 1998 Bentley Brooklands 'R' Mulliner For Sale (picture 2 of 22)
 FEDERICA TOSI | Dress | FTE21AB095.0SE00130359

---

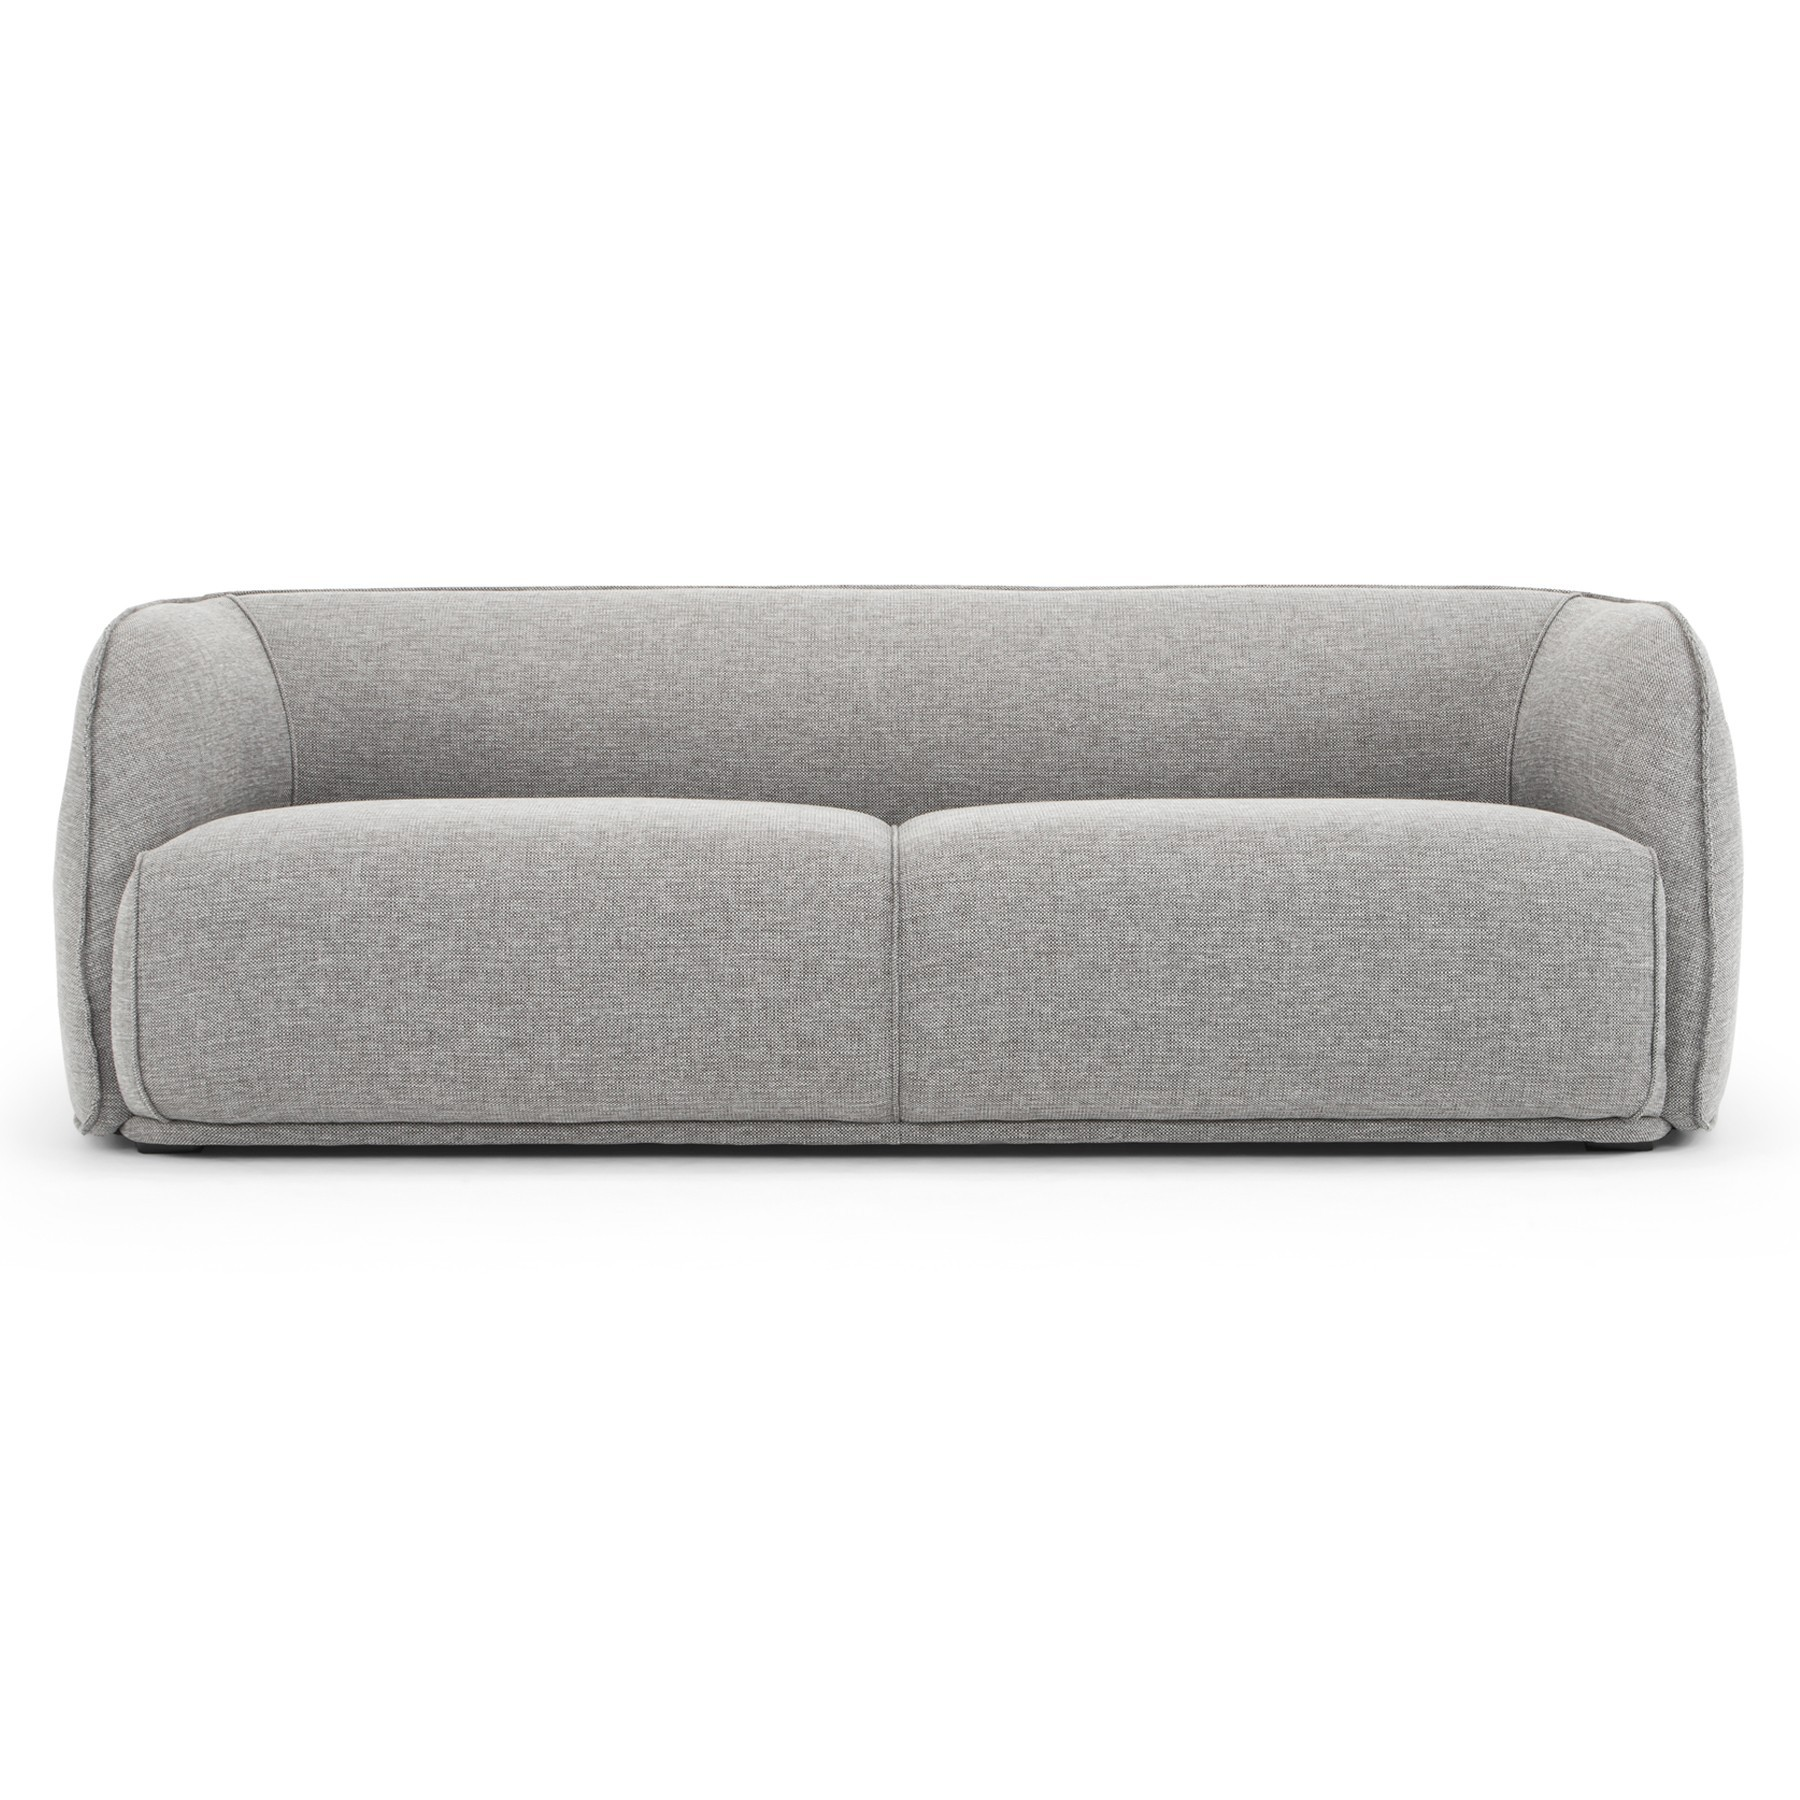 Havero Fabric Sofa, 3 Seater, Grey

* **Exercise goal**
Using the entries above, extract exactly the span from the line with "1998 Bentley Brooklands" to the line with "FEDERICA TOSI |", both lines included; leave out everything else.

* **Answer**
 1998 Bentley Brooklands 'R' Mulliner For Sale (picture 2 of 22)
 FEDERICA TOSI | Dress | FTE21AB095.0SE00130359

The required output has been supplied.